Merge branch 'for-linus' of git://git.kernel.org/pub/scm/linux/kernel/git/jmorris/security-testing-2.6

* 'for-linus' of git://git.kernel.org/pub/scm/linux/kernel/git/jmorris/security-testing-2.6: (105 commits) SELinux: don't check permissions for kernel mounts security: pass mount flags to security_sb_kern_mount() SELinux: correctly detect proc filesystems of the form "proc/foo" Audit: Log TIOCSTI user namespaces: document CFS behavior user namespaces: require cap_set{ug}id for CLONE_NEWUSER user namespaces: let user_ns be cloned with fairsched CRED: fix sparse warnings User namespaces: use the current_user_ns() macro User namespaces: set of cleanups (v2) nfsctl: add headers for credentials coda: fix creds reference capabilities: define get_vfs_caps_from_disk when file caps are not enabled CRED: Allow kernel services to override LSM settings for task actions CRED: Add a kernel_service object class to SELinux CRED: Differentiate objective and effective subjective credentials on a task CRED: Documentation CRED: Use creds in file structs CRED: Prettify commoncap.c CRED: Make execve() take advantage of copy-on-write credentials ...

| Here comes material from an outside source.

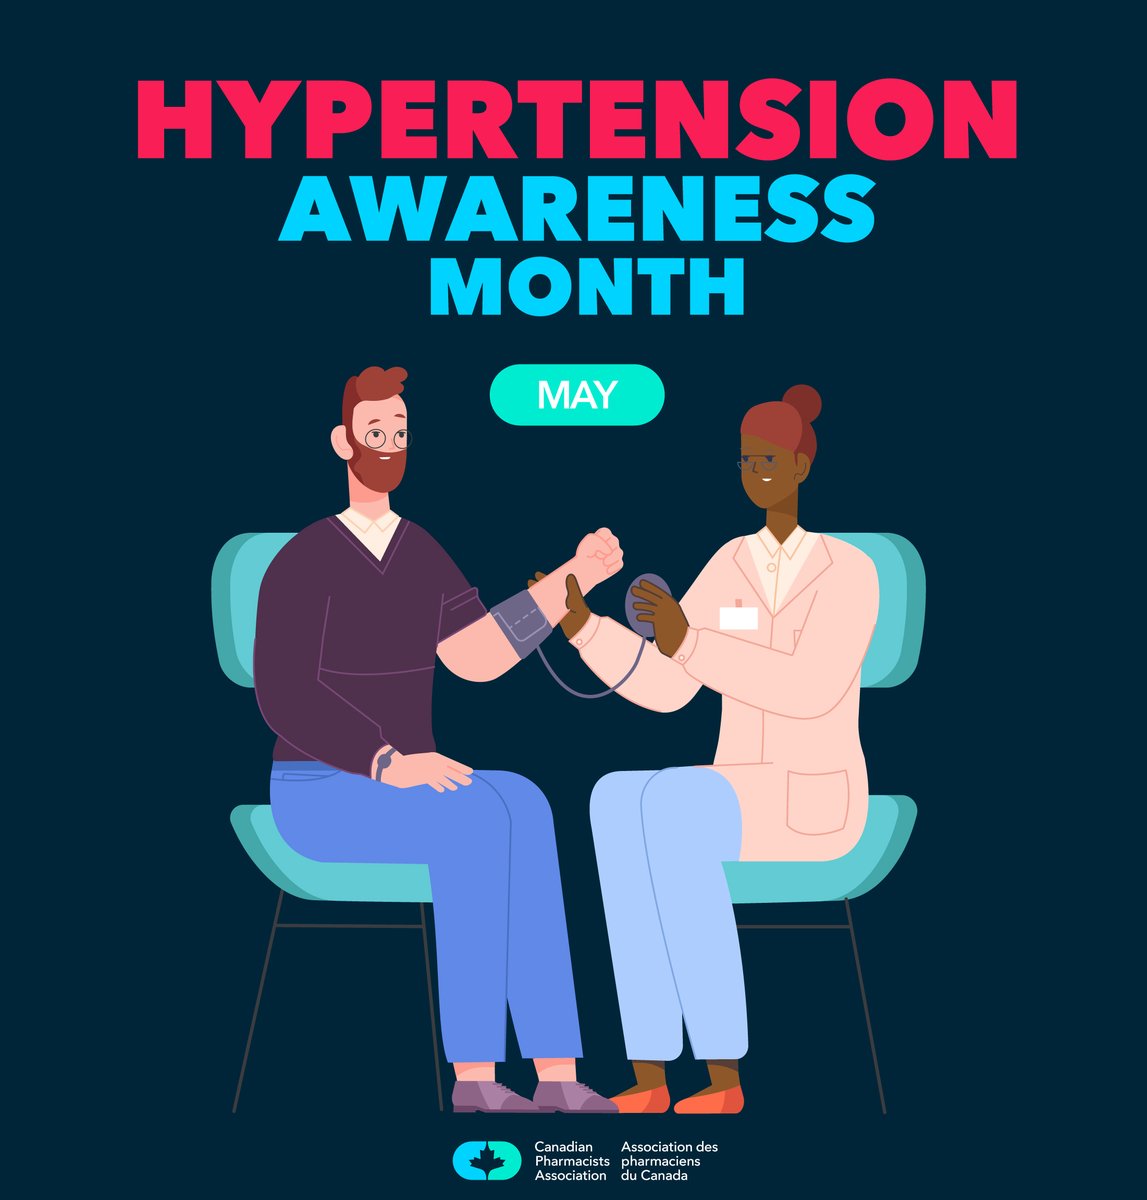 May is #Hypertension Awareness Month! #DidYouKnow that #pharmacy professionals can play an essential role caring for patients with hypertension? #AskYourPharmacist about how they can help you manage your blood pressure and medications!

author: Linus Torvalds <torvalds@linux-foundation.org> 2008-12-28 11:43:54 -0800
committer: Linus Torvalds <torvalds@linux-foundation.org> 2008-12-28 11:43:54 -0800
commit: bb26c6c29b7cc9f39e491b074b09f3c284738d36 (patch)
tree: c7867af2bb4ff0feae889183efcd4d79b0f9a325 /drivers/char
parent: e14e61e967f2b3bdf23f05e4ae5b9aa830151a44 (diff)
parent: cbacc2c7f066a1e01b33b0e27ae5efbf534bc2db (diff)
2 files changed, 62 insertions, 15 deletions
diff --git a/drivers/char/tty_audit.c b/drivers/char/tty_audit.c
index 5787249934c8..34ab6d798f81 100644
--- a/drivers/char/tty_audit.c
+++ b/drivers/char/tty_audit.c
@@ -67,6 +67,29 @@ static void tty_audit_buf_put(struct tty_audit_buf *buf)
 		tty_audit_buf_free(buf);
 }
 
+static void tty_audit_log(const char *description, struct task_struct *tsk,
+			  uid_t loginuid, unsigned sessionid, int major,
+			  int minor, unsigned char *data, size_t size)
+{
+	struct audit_buffer *ab;
+
+	ab = audit_log_start(NULL, GFP_KERNEL, AUDIT_TTY);
+	if (ab) {
+		char name[sizeof(tsk->comm)];
+		uid_t uid = task_uid(tsk);
+
+		audit_log_format(ab, "%s pid=%u uid=%u auid=%u ses=%u "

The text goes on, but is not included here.